◆ WORK INSTRUCTION:
In your reply, repeat the full listing exactly and leave each picture out.

◆ GIVEN DATA:
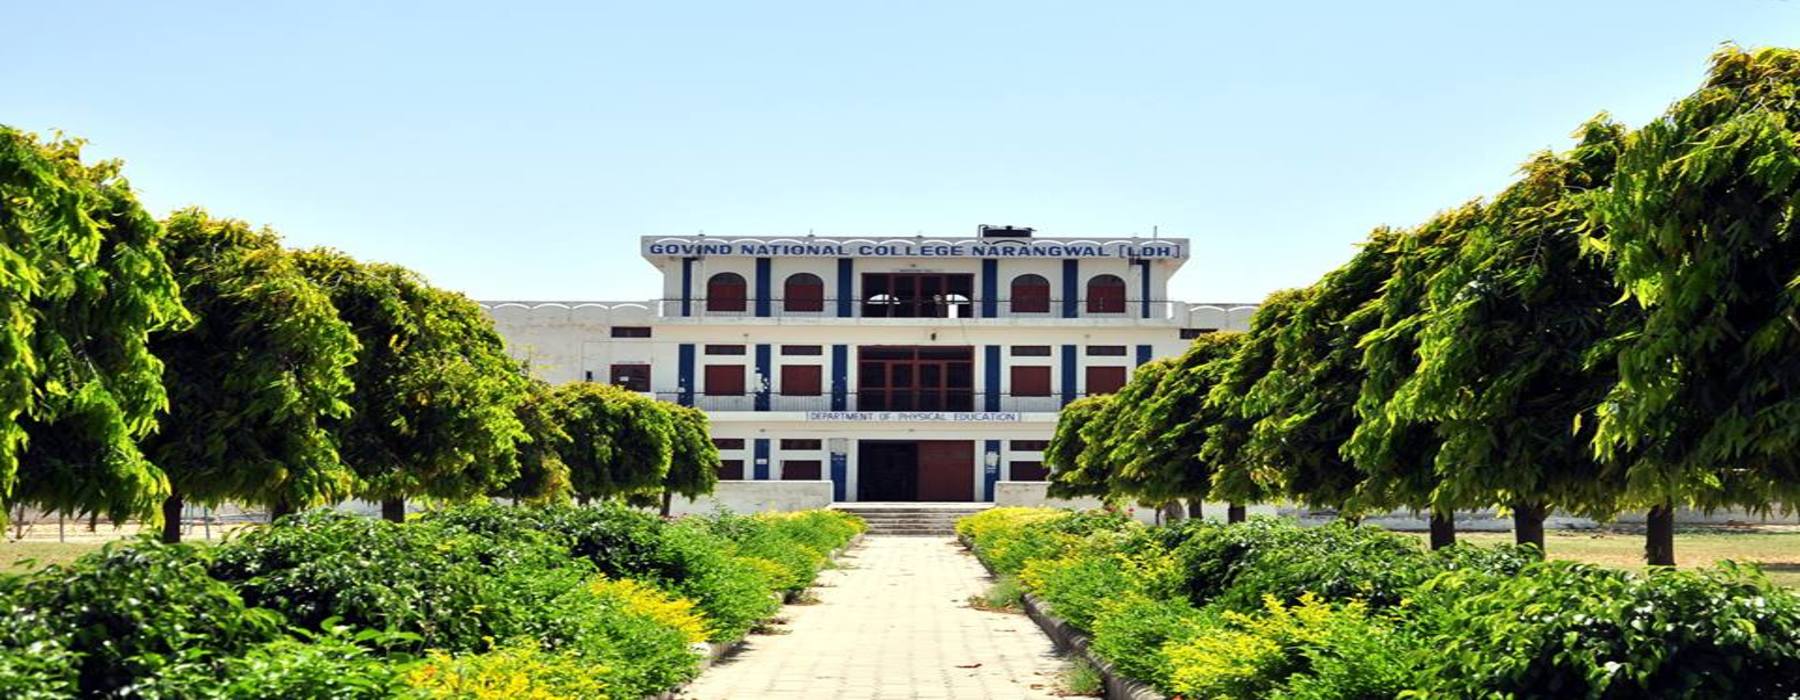 Govind National College, Ludhiana Image
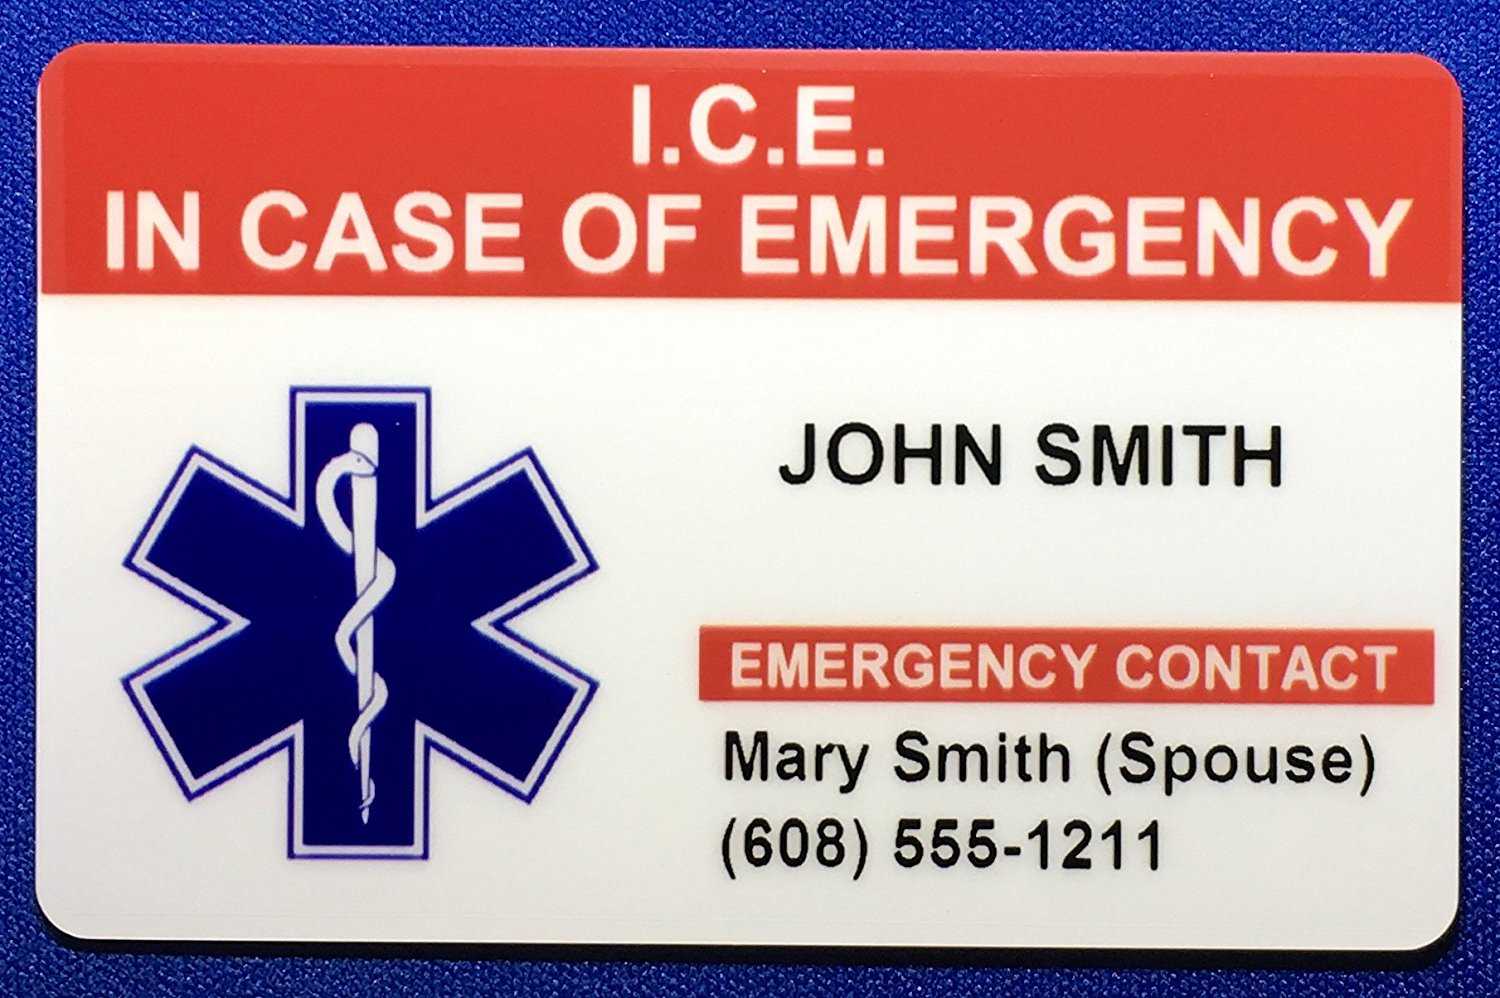 Cheap Emergency Card Template, Find Emergency Card Template With In Case Of Emergency Card Template
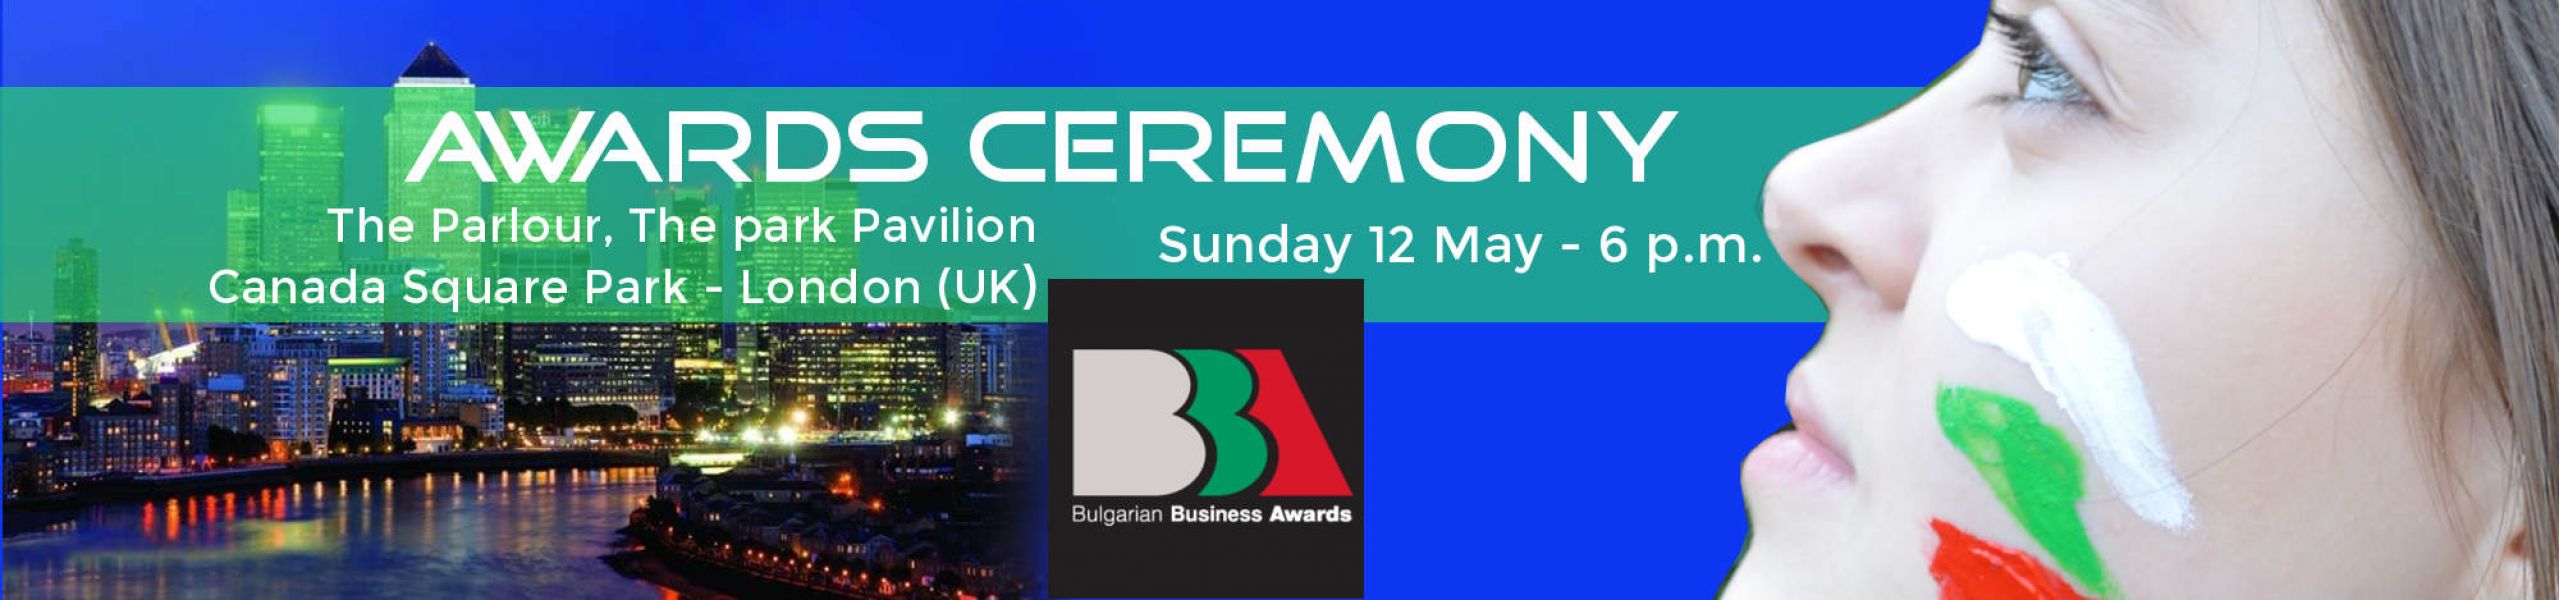 Bulgarian Business Ceremony Awards 2019 - London - Elisa Neri

◆ ANSWER SPACE:
 Govind National College, Ludhiana Image
 Cheap Emergency Card Template, Find Emergency Card Template With In Case Of Emergency Card Template
 Bulgarian Business Ceremony Awards 2019 - London - Elisa Neri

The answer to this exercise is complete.